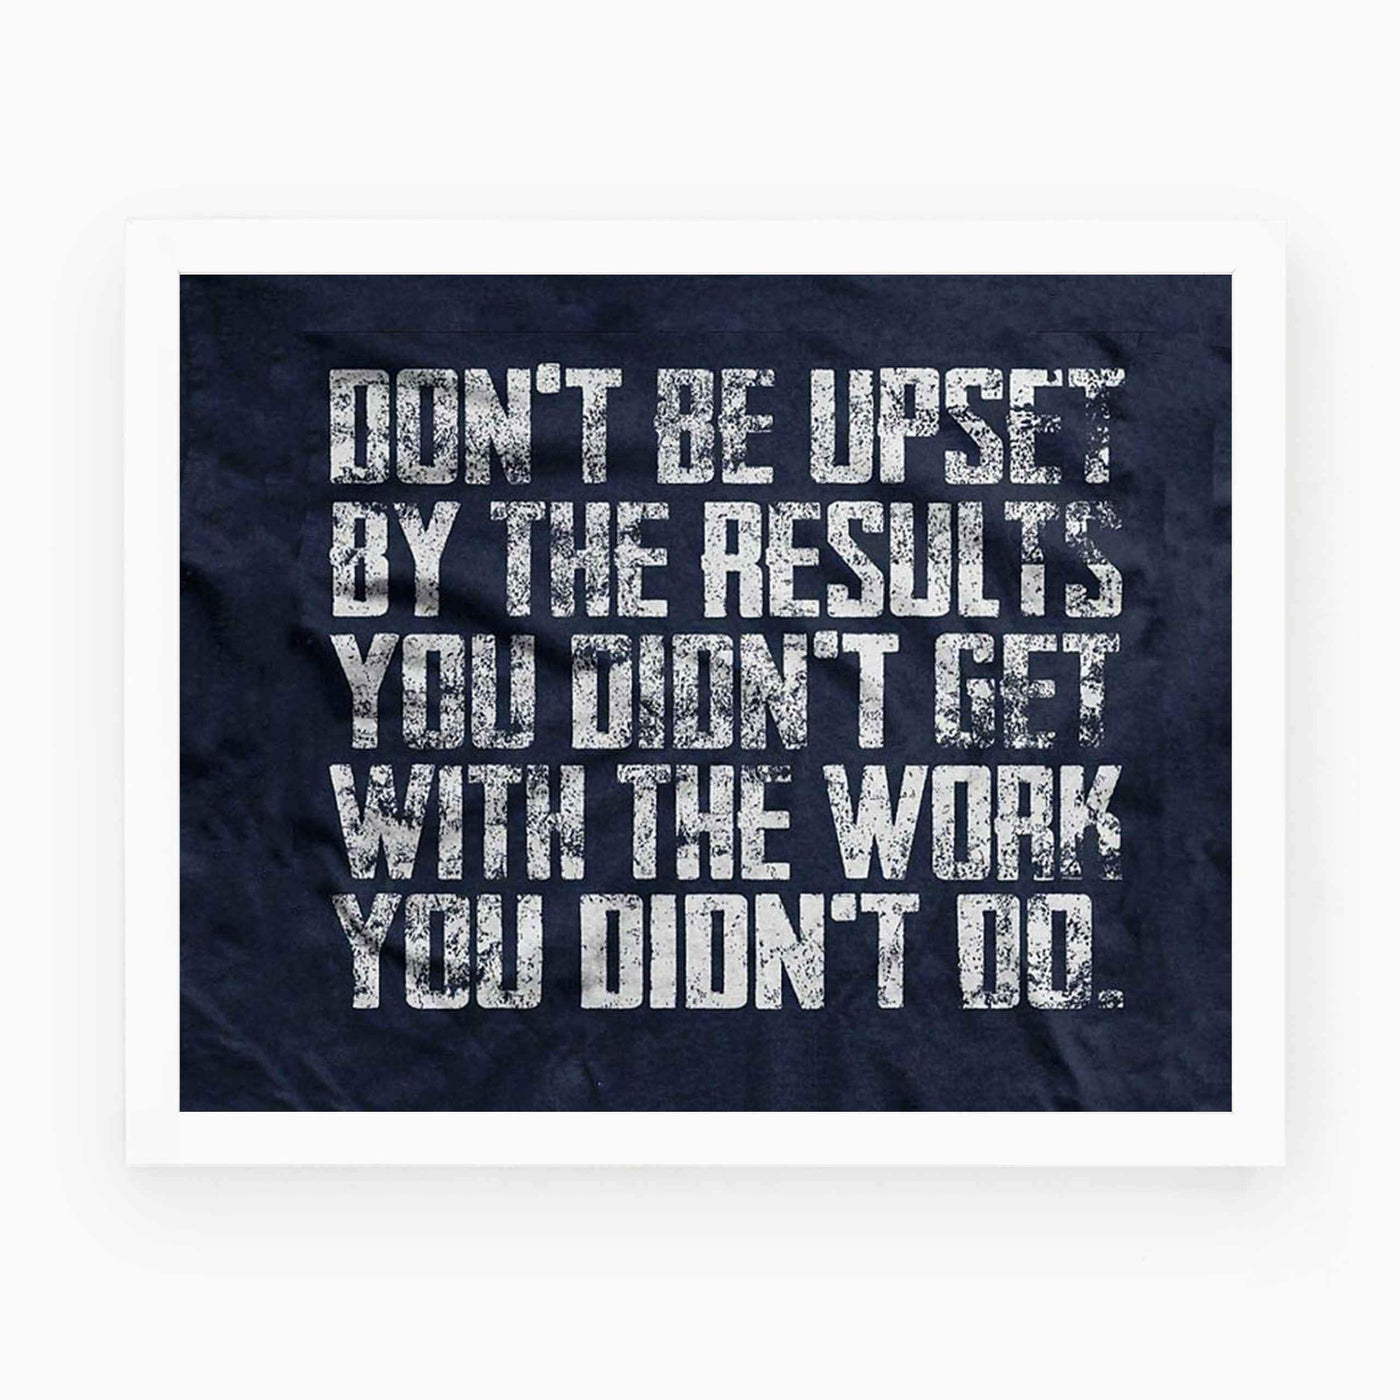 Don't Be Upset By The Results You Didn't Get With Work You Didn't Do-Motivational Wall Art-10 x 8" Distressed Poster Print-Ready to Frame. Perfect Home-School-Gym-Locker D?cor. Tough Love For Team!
---
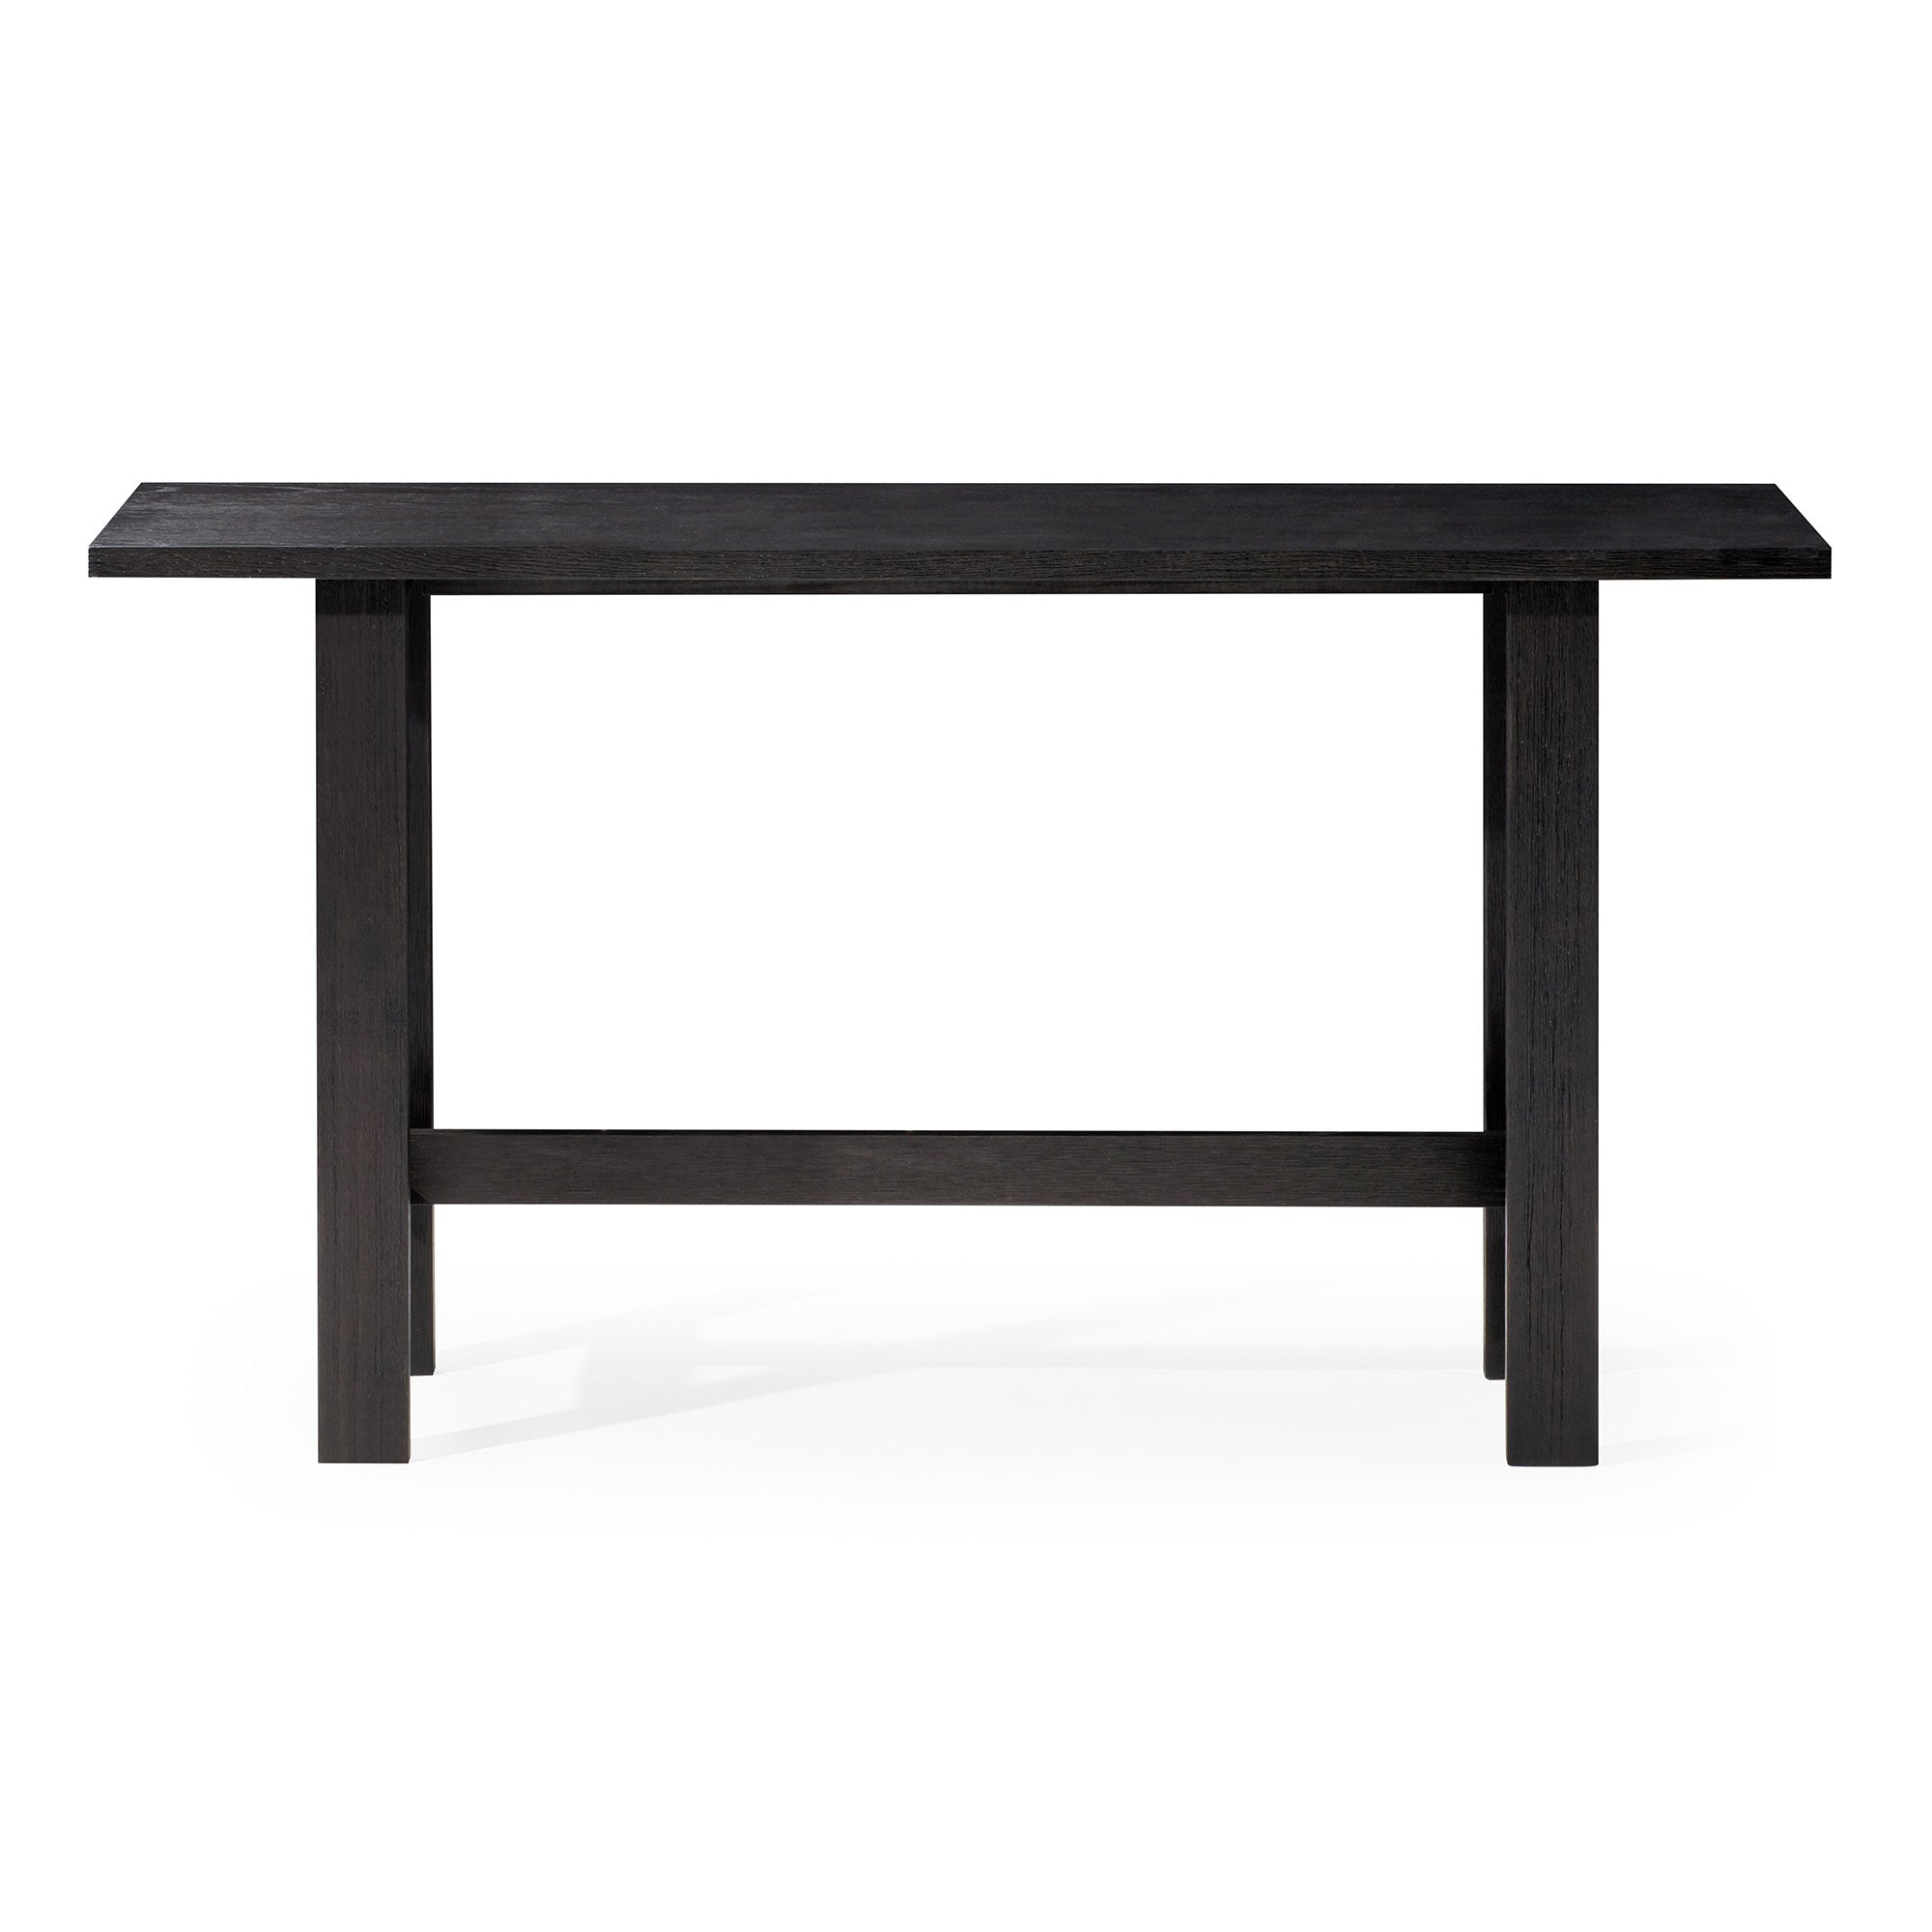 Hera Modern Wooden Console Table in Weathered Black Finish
---
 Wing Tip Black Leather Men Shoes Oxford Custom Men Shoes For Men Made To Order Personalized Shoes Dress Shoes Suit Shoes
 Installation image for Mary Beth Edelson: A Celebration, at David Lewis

# Task directions
Beginning with the line containing "Wing Tip Black" in the material above, copy every line exactly until you have copied the line containing "Installation image for".

# Response area
 Wing Tip Black Leather Men Shoes Oxford Custom Men Shoes For Men Made To Order Personalized Shoes Dress Shoes Suit Shoes
 Installation image for Mary Beth Edelson: A Celebration, at David Lewis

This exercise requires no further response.